I know there are a bunch of replica's getting around but from all of the info I have found I don't believe mine is fake but I do know that some of the cheap chinese movemnts don't stop when the crown is pulled out.

Any info will be much appreciated.

Cheers, Mark.


----------



## bry1975 (Feb 6, 2004)

Nope it wont HACK only if you backwind the hands when the mainspring is low.


----------



## Mark M (Jun 26, 2009)

bry1975 said:


> Nope it wont HACK only if you backwind the hands when the mainspring is low.


Thanks for the response.

So what would the usual method be for when working on the movement so as to have the movement stopped during hand removal/installation etc?

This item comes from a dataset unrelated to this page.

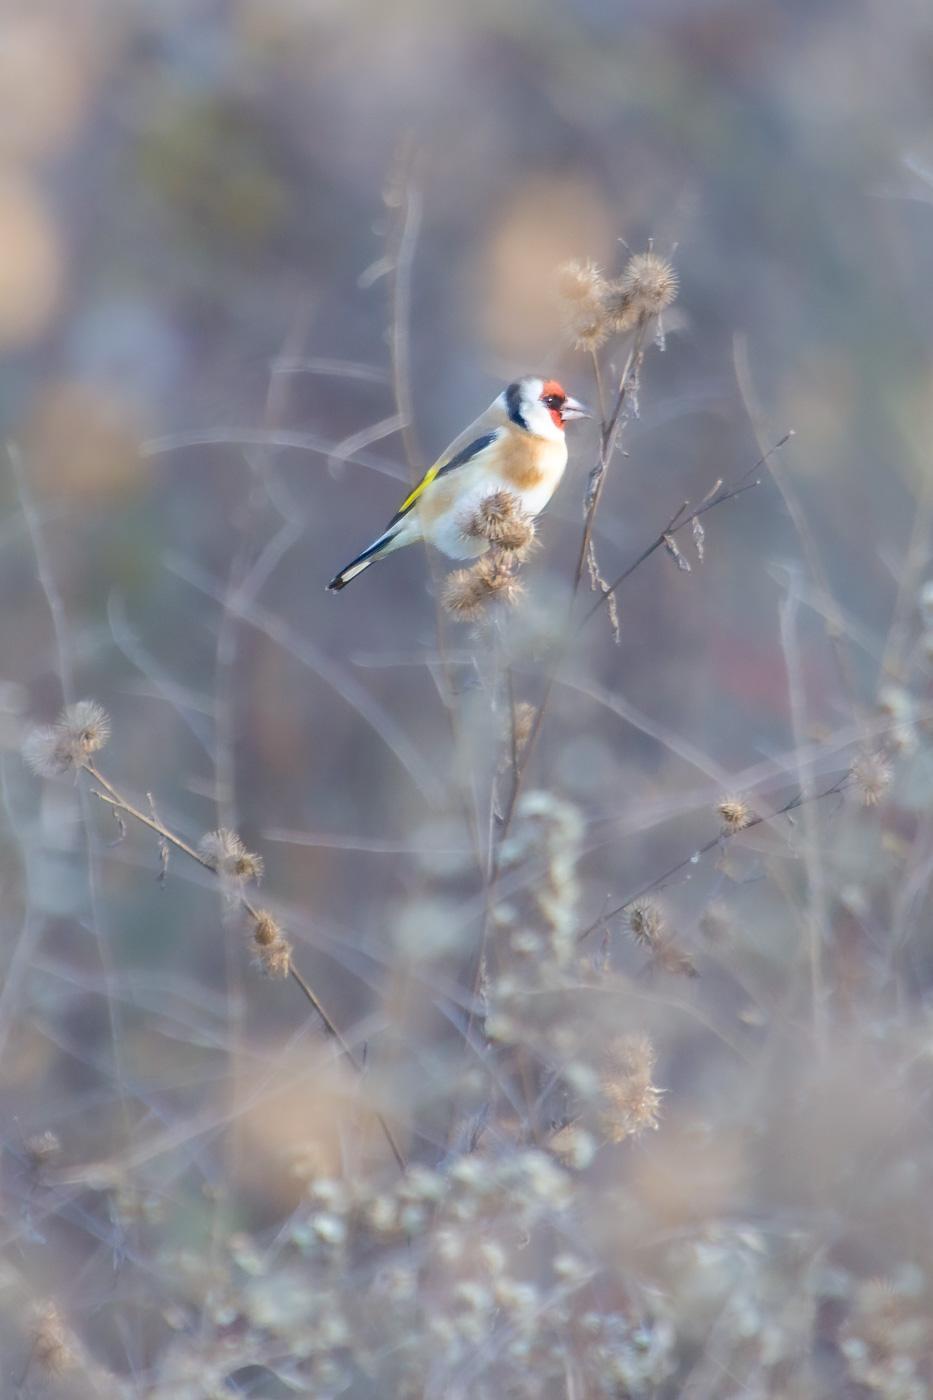 Cadernera - Fauna salvatge - Raül Carmona - Fotografia, Fotografia d'estudi, esdeveniments i Natura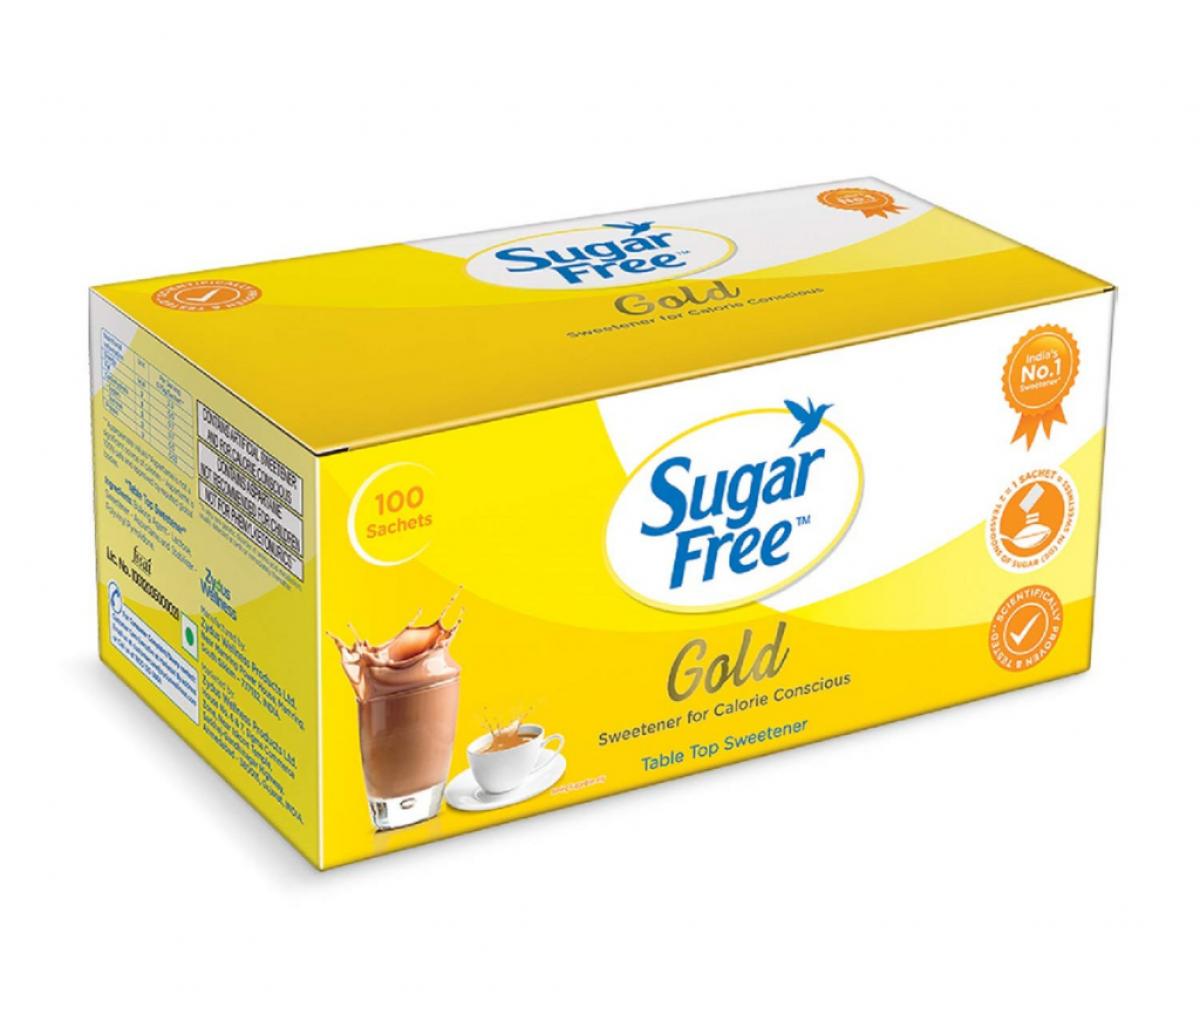 Sugarfree Gold Sweetener Sachets 100g

I did do as you mentioned and the watch had been sitting still for days so had no reserve but I found that it would start up again with only slight movement.

Mark.


----------



## pugster (Nov 22, 2004)

let it run down, same as you would any other watch you work on, if you move it enough to wind the rotor you are winding the mainspring, if the rotor has not moved its just shake and should stop quickly.

*you should always let any watch you are going to work on run down , if you try and strip it (remove a wheel) and have power in the mainspring you are going to have bits flying everywhere


----------



## Mark M (Jun 26, 2009)

Thanks guys, I'm learning with your help, so there's less likelyhood of unwanted/needed destruction.

Cheers, Mark.


----------